Now, we will move on to training a logistic regression classifier on the filtered data. Given the modular nature of TISSUE filtering (i.e. the output is a cellxgene matrix), integrating TISSUE with other supervised learning models is as easy as plug-and-play.
First, we split into a train (80%) and test set (20%):
# split train and test randomly (80%-20%)
np.random.seed(444)
train_idxs = np.random.choice(np.arange(adata_filtered.shape[0]), round(adata_filtered.shape[0]*0.8), replace=False)
test_idxs = np.array([idx for idx in np.arange(adata_filtered.shape[0]) if idx not in train_idxs])
train_data = adata_filtered.obsm["spage_predicted_expression"].values[train_idxs,:]
train_labels = adata_filtered.obs["condition"][train_idxs]
test_data = adata_filtered.obsm["spage_predicted_expression"].values[test_idxs,:]
test_labels = adata_filtered.obs["condition"][test_idxs]
Then, we train logistic regression classifier on the filtered and split data:
from sklearn.linear_model import LogisticRegression
from sklearn.preprocessing import StandardScaler
from sklearn.metrics import accuracy_score, f1_score, roc_auc_score, average_precision_score
# init and scale data
scaler = StandardScaler()
train_data = scaler.fit_transform(train_data)
# fit model on scaled data
model = LogisticRegression(penalty='l1', solver='liblinear').fit(train_data, train_labels)
Now that we have trained the model, we can evaluate its performance on the unseen test data:
# make predictions on test data
pred_test = model.predict(scaler.transform(test_data))
pred_test_scores = model.predict_proba(scaler.transform(test_data))
# print metrics
test_labels_num = [0 if x=="A" else 1 for x in test_labels]
print(f"Accuracy Score: {accuracy_score(test_labels, pred_test)}")
print(f"ROC-AUC Score: {roc_auc_score(test_labels_num, pred_test_scores[:,1])}")
Accuracy Score: 0.8024475524475524
ROC-AUC Score: 0.8765594181459566
The model performs quite well! It has high accuracy and high ROC-AUC for a relatively balanced binary classification problem. A similar approach can be taken to leverage TISSUE uncertainties in training/evaluating other model architectures (e.g. linear regression, random forest, neural nets).
Tutorial 5: TISSUE cell filtering for PCA (clustering and visualization)
Downstream clustering and data visualization tasks in transcriptomics data analysis generally rely on dimensionality reduction via principal component analysis (PCA). To incorporate TISSUE uncertainties in these downstream tasks, we perform TISSUE cell filtering before fitting the PCA model and reducing dimensionality.

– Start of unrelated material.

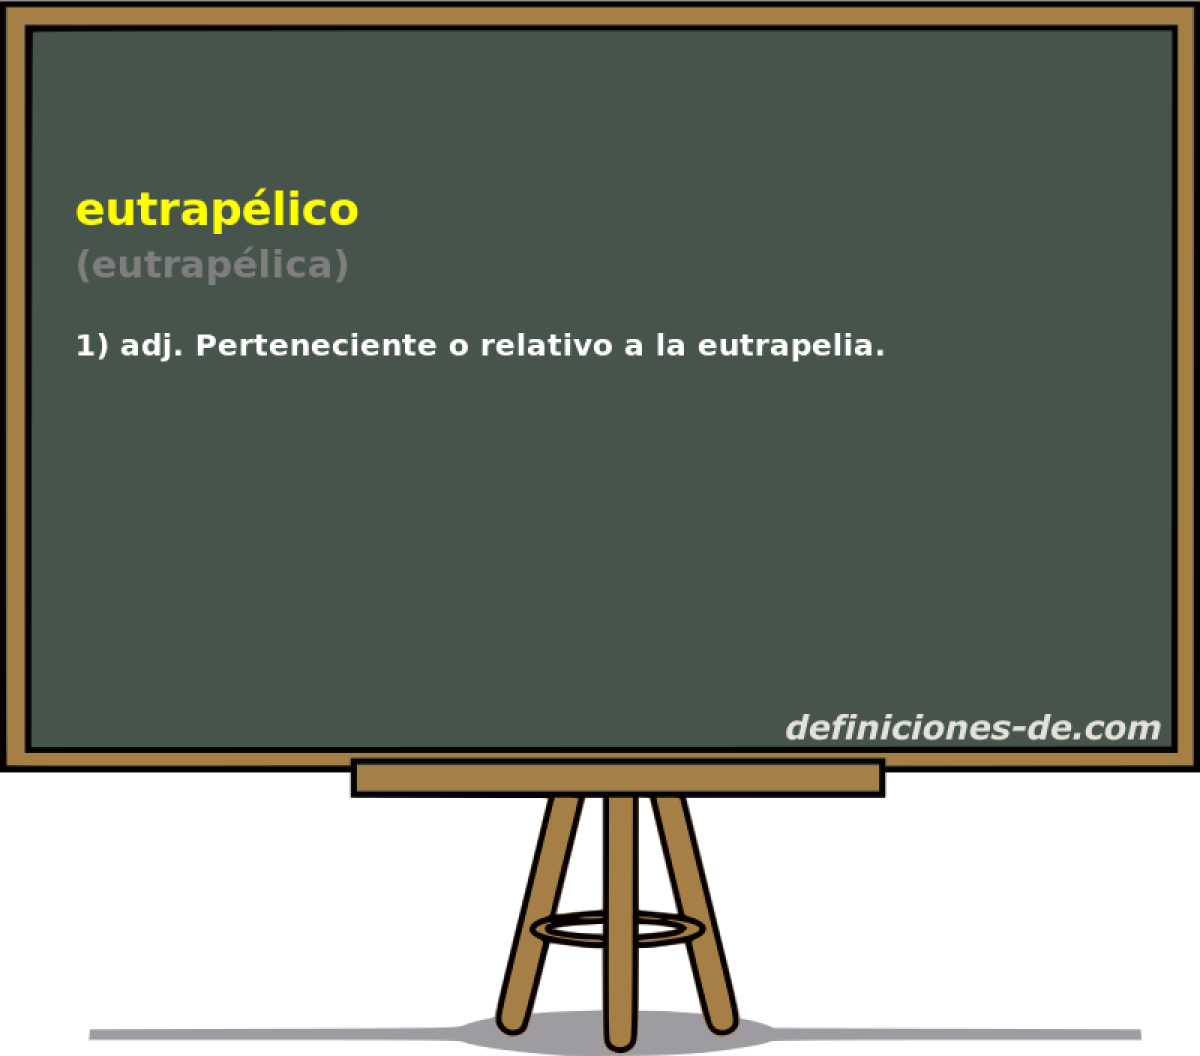 eutraplico (eutraplica)

In this tutorial, we will apply TISSUE cell filtering to the dataset to generate principal components. This can be done with tissue.downstream.filtered_PCA()
which is wrapper around the direct TISSUE cell filtering. From these principal components, we can make a two-dimensional PCA plot and perform clustering on the top 15 principal components using K-Means.

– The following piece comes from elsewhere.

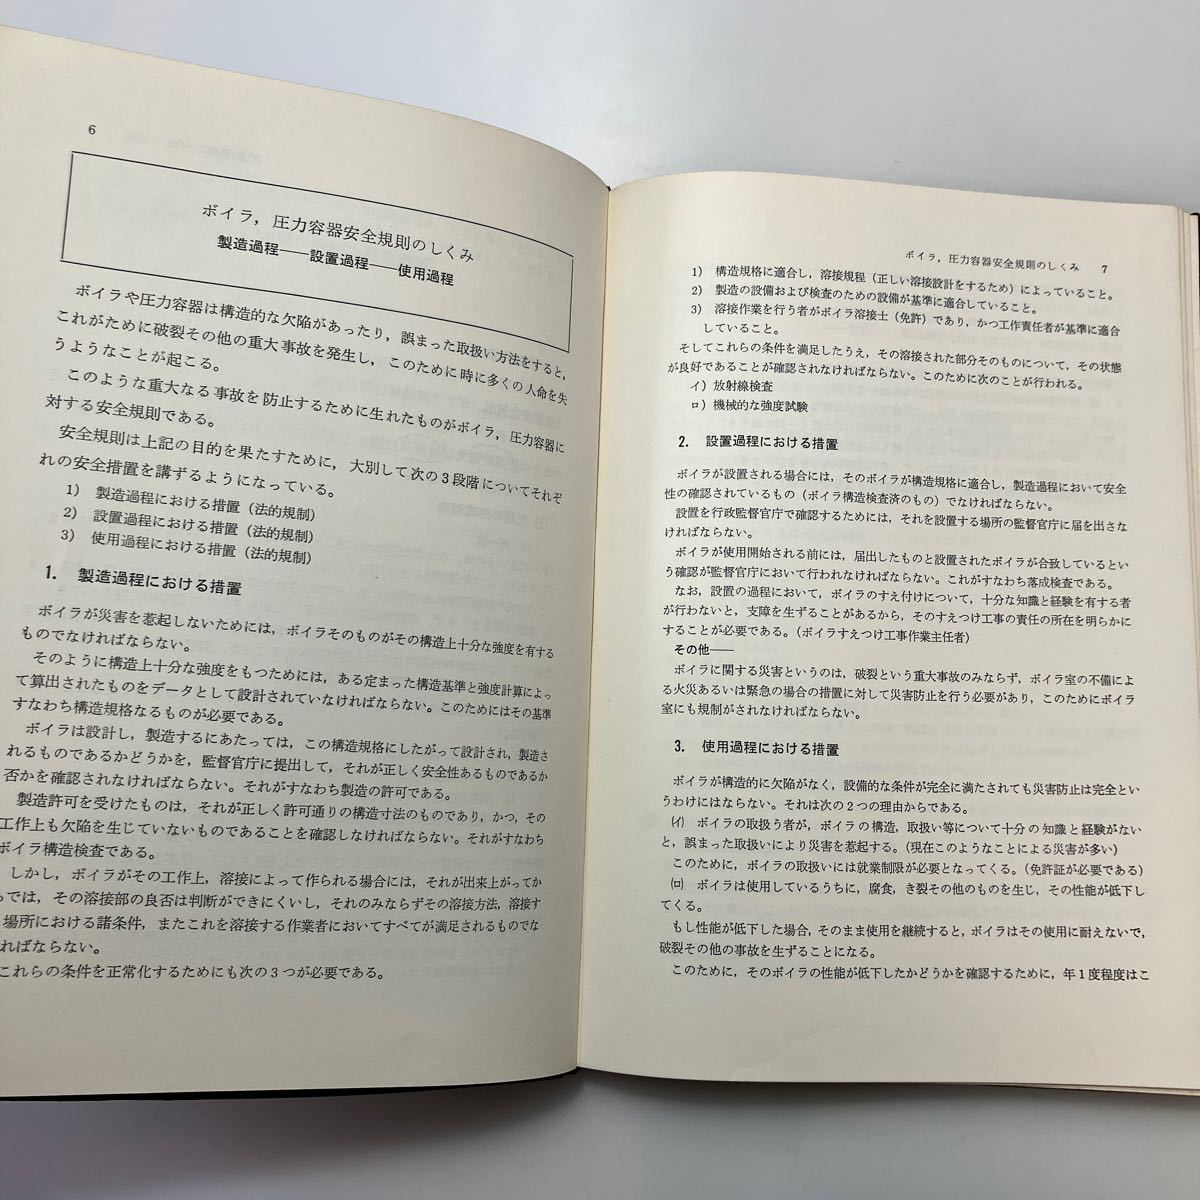 zaa-525♪ボイラに関する法令の学び 　ボイラエンジニアリング研究会(著) 　槙書店　1973/7/30_画像5

We will be starting with the AnnData object after running Tutorials 1-3: adata
and then applying TISSUE-filtered PCA:
# uncertainty-based cell filtering for PCA
keep_idxs = tissue.downstream.filtered_PCA (adata, # anndata object
"spage", # prediction method
proportion="otsu",
stratification=adata.obs['condition'].values,
return_keep_idxs=True)
# filter to keep track of labels
adata_filtered = adata[adata.obs_names[keep_idxs],:].copy()

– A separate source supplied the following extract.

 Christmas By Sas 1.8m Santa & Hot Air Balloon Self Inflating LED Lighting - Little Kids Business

Here we used the same otsu
threshold-based automatic filtering as before and stratify the filtering by the conditions. We use the default n_components=15
.
There are two options for the TISSUE-filtered PCA, both of which are saved into adata.uns
and adata.obsm
respectively. The first is the standard principal components obtained on the TISSUE-filtered data, which can be found in adata.uns['{name of prediction method}_predicted_expression_PC15_filtered_']
. The second is the PCA fitted onto TISSUE-filtered data but then applied to the entire dataset (unfiltered), which can be found in adata.obsm['{name of prediction method}_predicted_expression_PC15_']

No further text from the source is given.